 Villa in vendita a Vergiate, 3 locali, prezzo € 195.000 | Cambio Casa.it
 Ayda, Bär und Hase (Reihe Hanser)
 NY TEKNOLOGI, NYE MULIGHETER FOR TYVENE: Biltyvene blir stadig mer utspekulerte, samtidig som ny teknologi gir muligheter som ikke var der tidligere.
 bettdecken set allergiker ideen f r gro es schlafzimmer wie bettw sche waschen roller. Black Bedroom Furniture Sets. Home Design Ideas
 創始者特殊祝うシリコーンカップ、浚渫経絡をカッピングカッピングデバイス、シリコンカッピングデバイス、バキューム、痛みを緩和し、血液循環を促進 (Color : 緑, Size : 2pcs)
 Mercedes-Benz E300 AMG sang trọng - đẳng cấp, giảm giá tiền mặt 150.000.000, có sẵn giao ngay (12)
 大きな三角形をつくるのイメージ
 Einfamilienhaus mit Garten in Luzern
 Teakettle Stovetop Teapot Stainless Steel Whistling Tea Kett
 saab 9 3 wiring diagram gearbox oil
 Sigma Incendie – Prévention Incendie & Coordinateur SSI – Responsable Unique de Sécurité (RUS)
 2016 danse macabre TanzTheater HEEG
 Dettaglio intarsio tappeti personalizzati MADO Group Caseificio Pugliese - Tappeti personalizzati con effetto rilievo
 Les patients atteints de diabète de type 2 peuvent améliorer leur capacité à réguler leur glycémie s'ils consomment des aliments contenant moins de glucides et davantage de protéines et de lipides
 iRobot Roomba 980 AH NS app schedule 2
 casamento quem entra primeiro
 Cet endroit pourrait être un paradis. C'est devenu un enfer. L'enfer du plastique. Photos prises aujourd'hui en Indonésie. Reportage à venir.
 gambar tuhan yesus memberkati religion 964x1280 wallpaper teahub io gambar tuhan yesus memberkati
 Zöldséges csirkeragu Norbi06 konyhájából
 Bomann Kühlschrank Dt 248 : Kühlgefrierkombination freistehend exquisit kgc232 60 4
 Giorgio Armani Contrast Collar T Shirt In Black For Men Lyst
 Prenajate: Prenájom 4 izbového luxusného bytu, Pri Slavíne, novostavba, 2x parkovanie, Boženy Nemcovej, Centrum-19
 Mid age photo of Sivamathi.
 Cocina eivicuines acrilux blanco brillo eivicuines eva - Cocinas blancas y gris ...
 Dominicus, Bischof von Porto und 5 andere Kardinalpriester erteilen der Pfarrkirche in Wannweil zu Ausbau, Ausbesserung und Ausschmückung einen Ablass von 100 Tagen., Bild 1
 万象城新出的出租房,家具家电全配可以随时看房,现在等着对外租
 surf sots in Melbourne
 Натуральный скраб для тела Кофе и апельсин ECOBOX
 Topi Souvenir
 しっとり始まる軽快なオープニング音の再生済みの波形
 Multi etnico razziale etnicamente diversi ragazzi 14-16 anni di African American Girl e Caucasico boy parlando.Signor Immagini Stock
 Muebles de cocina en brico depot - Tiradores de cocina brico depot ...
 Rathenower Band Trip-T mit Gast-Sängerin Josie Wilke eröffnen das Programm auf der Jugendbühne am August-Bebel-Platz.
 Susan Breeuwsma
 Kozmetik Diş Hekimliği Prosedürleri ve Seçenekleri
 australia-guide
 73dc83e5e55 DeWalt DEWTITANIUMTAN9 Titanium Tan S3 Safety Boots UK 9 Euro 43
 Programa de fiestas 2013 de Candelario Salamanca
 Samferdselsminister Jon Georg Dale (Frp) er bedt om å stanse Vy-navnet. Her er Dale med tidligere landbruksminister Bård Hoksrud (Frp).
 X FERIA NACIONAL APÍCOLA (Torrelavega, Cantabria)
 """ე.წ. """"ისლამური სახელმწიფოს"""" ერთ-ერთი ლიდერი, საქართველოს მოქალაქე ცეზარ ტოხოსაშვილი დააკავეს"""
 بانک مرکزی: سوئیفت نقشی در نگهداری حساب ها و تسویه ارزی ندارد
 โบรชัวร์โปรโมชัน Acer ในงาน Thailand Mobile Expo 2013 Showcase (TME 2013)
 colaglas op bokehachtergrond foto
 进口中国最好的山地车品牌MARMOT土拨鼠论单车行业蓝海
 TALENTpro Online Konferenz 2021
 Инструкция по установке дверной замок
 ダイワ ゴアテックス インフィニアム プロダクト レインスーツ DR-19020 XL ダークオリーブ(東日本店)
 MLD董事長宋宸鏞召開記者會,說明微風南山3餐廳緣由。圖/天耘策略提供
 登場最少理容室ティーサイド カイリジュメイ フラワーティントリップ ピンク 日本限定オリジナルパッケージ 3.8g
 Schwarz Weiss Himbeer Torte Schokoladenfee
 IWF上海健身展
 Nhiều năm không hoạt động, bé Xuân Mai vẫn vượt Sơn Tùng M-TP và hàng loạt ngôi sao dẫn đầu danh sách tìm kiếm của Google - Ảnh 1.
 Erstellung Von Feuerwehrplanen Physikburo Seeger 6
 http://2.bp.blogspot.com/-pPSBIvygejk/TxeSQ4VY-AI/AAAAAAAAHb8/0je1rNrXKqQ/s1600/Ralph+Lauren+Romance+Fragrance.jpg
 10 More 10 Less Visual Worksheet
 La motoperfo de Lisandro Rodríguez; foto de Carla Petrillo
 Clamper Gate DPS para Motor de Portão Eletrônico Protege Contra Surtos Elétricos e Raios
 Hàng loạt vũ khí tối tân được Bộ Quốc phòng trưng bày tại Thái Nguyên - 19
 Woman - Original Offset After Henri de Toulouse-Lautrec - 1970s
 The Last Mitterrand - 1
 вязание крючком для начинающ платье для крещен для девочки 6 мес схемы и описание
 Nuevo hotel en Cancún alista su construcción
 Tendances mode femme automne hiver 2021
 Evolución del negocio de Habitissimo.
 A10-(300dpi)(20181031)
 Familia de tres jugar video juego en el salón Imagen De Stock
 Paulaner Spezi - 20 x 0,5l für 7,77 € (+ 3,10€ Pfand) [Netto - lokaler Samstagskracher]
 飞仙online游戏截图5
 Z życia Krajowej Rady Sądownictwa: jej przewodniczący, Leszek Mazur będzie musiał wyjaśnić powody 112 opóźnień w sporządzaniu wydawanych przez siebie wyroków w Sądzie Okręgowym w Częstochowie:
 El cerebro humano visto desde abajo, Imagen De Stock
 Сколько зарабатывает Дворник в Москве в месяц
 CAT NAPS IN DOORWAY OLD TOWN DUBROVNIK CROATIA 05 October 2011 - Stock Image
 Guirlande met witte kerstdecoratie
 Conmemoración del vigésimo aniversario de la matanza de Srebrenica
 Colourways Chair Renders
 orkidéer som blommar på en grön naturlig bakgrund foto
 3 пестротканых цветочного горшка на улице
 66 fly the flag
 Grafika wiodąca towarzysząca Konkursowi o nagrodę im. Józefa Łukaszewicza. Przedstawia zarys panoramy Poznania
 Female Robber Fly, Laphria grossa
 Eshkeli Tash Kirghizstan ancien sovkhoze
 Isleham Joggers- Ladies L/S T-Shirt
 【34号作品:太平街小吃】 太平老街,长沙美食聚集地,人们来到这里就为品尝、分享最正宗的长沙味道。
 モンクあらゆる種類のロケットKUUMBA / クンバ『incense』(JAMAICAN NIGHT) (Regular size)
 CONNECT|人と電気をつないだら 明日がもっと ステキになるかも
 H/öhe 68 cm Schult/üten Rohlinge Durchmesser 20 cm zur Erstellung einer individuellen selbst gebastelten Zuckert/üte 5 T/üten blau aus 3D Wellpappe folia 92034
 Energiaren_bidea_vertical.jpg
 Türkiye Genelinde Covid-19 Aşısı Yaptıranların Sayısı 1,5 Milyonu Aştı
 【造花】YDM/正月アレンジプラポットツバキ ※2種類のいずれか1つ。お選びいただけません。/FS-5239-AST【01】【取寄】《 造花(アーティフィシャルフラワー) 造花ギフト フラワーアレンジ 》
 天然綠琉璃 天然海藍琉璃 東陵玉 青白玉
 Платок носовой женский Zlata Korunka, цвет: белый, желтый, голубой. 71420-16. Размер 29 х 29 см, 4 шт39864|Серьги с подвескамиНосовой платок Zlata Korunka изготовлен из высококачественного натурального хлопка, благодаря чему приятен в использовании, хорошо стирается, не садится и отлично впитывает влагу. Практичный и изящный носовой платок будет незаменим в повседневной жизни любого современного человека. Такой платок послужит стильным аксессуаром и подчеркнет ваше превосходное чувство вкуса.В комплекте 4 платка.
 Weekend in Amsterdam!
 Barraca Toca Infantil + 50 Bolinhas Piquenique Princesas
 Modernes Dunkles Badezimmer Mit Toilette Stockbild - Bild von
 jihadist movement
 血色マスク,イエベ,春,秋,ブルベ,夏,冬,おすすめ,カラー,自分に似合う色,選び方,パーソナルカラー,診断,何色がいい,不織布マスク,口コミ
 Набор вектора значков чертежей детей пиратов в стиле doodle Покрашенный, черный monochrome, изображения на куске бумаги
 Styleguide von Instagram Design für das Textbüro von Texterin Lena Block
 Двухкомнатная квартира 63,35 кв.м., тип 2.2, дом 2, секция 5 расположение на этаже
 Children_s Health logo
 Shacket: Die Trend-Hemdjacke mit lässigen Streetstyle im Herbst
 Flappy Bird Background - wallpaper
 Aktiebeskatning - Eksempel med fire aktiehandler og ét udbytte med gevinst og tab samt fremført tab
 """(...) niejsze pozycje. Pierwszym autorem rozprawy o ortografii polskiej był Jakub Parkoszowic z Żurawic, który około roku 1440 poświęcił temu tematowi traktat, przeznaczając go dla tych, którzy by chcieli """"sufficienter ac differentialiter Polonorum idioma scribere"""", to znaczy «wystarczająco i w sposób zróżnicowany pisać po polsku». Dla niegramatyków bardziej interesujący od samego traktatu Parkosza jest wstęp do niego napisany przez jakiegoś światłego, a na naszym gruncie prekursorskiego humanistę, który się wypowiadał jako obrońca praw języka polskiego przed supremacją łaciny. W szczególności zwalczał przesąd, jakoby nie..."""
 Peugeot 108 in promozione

● Problem requirements:
Your answer should consist of the lines from the line with "10 More 10 Less Visual Worksheet" to the line with "Hàng loạt vũ" above, repeated exactly, both ends included.

● Solution:
 10 More 10 Less Visual Worksheet
 La motoperfo de Lisandro Rodríguez; foto de Carla Petrillo
 Clamper Gate DPS para Motor de Portão Eletrônico Protege Contra Surtos Elétricos e Raios
 Hàng loạt vũ khí tối tân được Bộ Quốc phòng trưng bày tại Thái Nguyên - 19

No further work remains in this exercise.